24:0968(95)AR - Warner Robins Air Logistics Center, Air Force, Warner Robins, GA and AFGE Local No. 987 -- 1986 FLRAdec AR
[ v24 p968 ]
24:0968(95)AR
The decision of the Authority follows:
24 FLRA No. 95
WARNER ROBINS AIR LOGISTICS CENTER
DEPARTMENT OF THE AIR FORCE
WARNER ROBINS, GEORGIA
Activity
and
AMERICAN FEDERATION OF GOVERNMENT
EMPLOYEES, LOCAL No. 987
Union
Case No. O-AR-1129
DECISION
I. STATEMENT OF THE CASE
This matter is before the Authority on exceptions to the award of
Arbitrator Cary J. Williams filed by the Union under section 7122(a) of
the Federal Service Labor-Management Relations Statute (Statute) and
part 2425 of the Authority's Rules and Regulations. The Activity did
not file an opposition.
II. BACKGROUND AND ARBITRATOR'S AWARD
The grievance in this case concerns the Activity's five-day
suspension of the grievant for leaving his work area without permission
and for threatening a supervisor. The dispute was submitted to
arbitration on February 6, 1986. At the hearing, the Union requested a
continuance because the Union representative who had prepared the case
had not been able to obtain official time or leave without pay in order
to present the grievant's case. The Activity opposed a continuance. It
asserted that the Union had been notified well in advance, by letter
dated January 24, 1986, that the usual Union representative might not be
able to obtain the necesssary leave and that the Union could have easily
made arrangements for another representative to take his place. The
Arbitrator denied the continuance as not warranted by the circumstances
because the Union had ample time to make other arrangements for the
grievant's representation. The grievant and Union representative,
refused to participate in the hearing.
The Arbitrator then heard evidence presented by the Activity
pertaining to the suspension. Noting that there was no evidence to
rebut the testimony and evidence presented by the Activity, the
Arbitrator found that the suspension was for just cause and denied the
grievance.
III. EXCEPTIONS
The Union contends, generally, that the award is deficient because
the Arbitrator held the hearing without the grievant and Union
representative and thereby violated the principles of fairness and due
process. As a result, it asserts that the award is deficient because it
was "procured by 'ex part'" and constituted harmful error. The Union
also argues that the Activity's actions violated the parties' collective
bargaining agreement and constituted an unfair labor practice under the
Statute.
IV. ANALYSIS AND CONCLUSIONS
We conclude that the Union's exceptions fail to establish that the
Arbitrator's award is deficient.
Although the Authority will find an arbitration award deficient if it
is established that the arbitrator failed to conduct a fair hearing by
refusing to hear pertinent and material evidence, for example, National
Border Patrol Council and National Immigration and Naturalization
Service Council and United States Department of Justice, Immigration and
Naturalization Service, 3 FLRA 400 (1980), the Union does not establish
that the award is deficient on this basis. The Authority has recognized
that an arbitrator has considerable latitude in the conduct of the
hearing, see id. at 404. The Union fails to substantiate that it was
denied a fair hearing by the Arbitrator's finding that it had a
reasonable opportunity to make other arrangements for an alternative
Union representative to appear at the arbitral hearing. See U.S.

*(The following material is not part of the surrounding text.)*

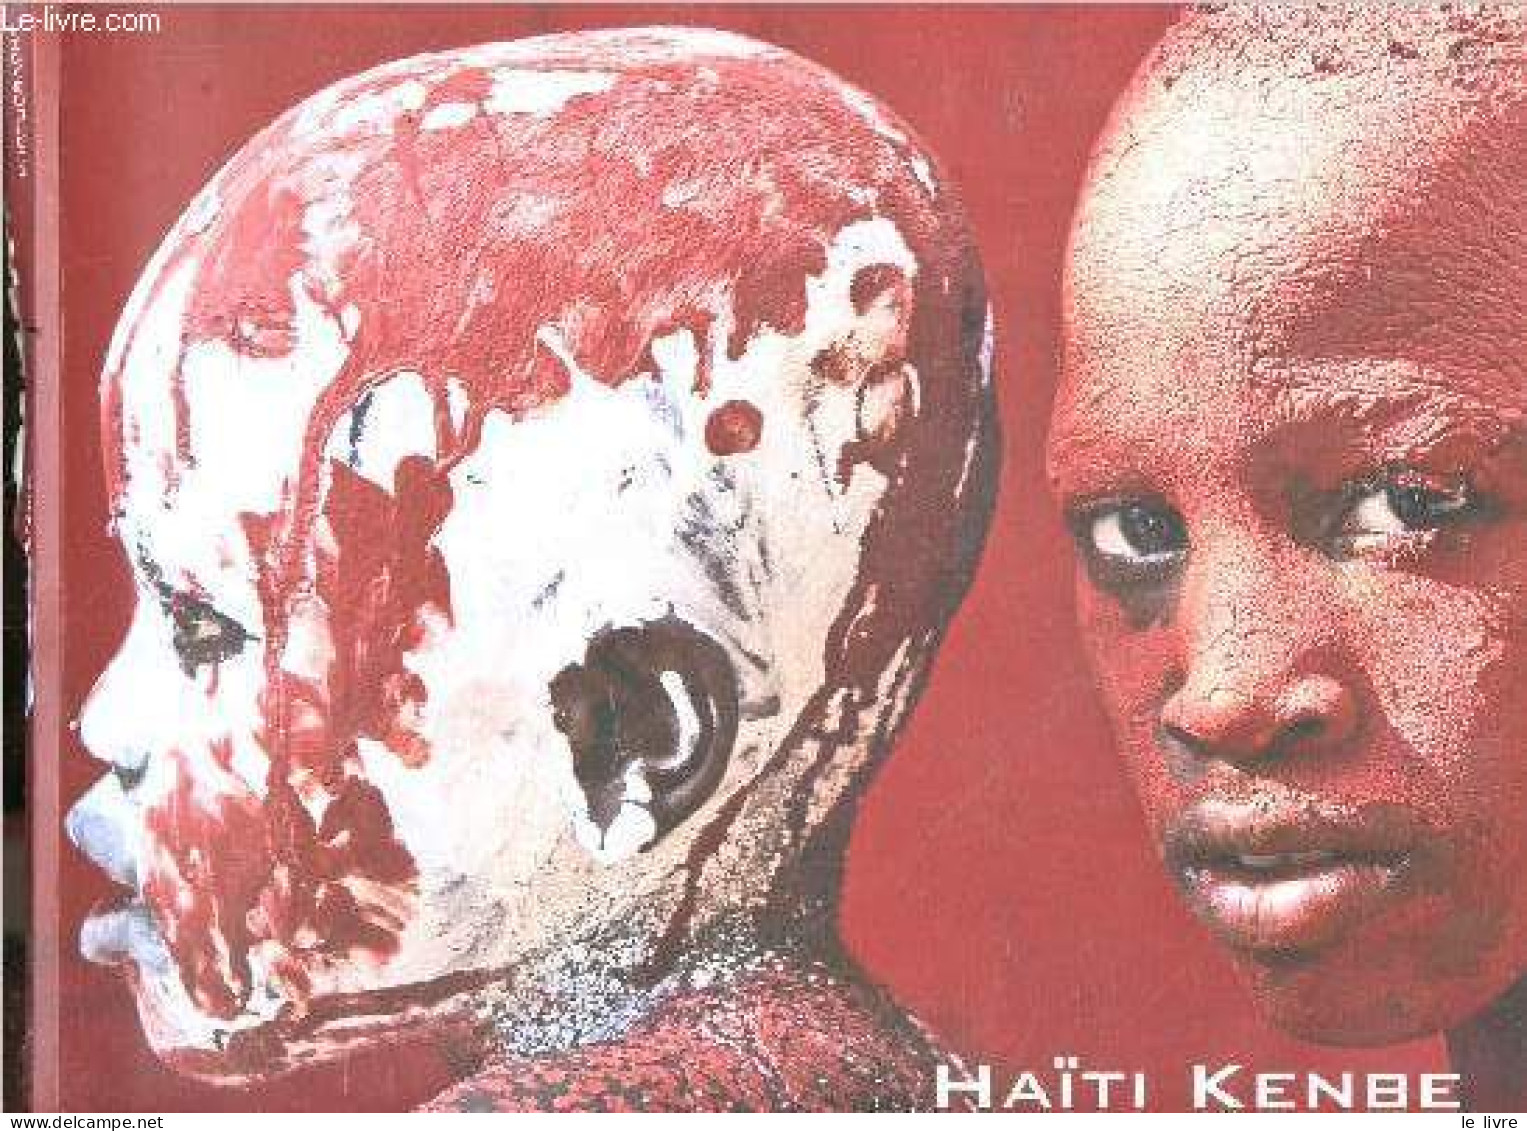 Haiti Kenbe - Ayiti, Kenbe Pa Lage ! - Benjamin - Jacques Martin Philippson - 2010 - Fotografie

Department of Labor and American Federation of Government Employees,
Local No. 644, NCFLL, 12 FLRA 639, 641 (1983). Moreover, the award was
not procured by ex parte contacts with the arbitrator since the hearing
was conducted with the knowledge of the Union and its absence was by
choice. Also, awards resulting from ex parte hearings have been
enforced by Federal courts based upon the rationale that since the
losing party had a chance to be heard and refused to participate it
should not now complain that the award is invalid because it chose to
stay away. Amal. Meat Cutters & Butcher Workmen v. Penobscot Poultry
Co., 200 F. Supp. 879 (D. Me. 1961); see also Joint Board of Cloak,
Skirt and Dressmakers Union v. Senco, Inc., 289 F. Supp. 513 (D. Mass.
1968). There is no basis upon which to conclude that the Arbitrator's
denial of the continuance constituted "harmful error." This rule does
not apply to suspensions for 14 days or less instituted under section
7503 and reliance on the rule in this five-day suspension case is
misplaced. Immigration and Naturalization Service and American
Federation of Government Employees, Local 505, 22 FLRA No. 70 (1986).
Finally, the Union's arguments that the Activity's actions constitute
a violation of the parties' agreement and an unfair labor practice
provide no basis for finding the Arbitrator's award deficient. See
American Federation of Government Employees, Local 3272 and Social
Security Administration Areas VIII and XIV, Chicago Region, Branch
Office, Holland, Michigan, 10 FLRA 310 (1982).
V. DECISION
For these reasons, the Union's exceptions are denied.
Issued, Washington, D.C. December 31, 1986.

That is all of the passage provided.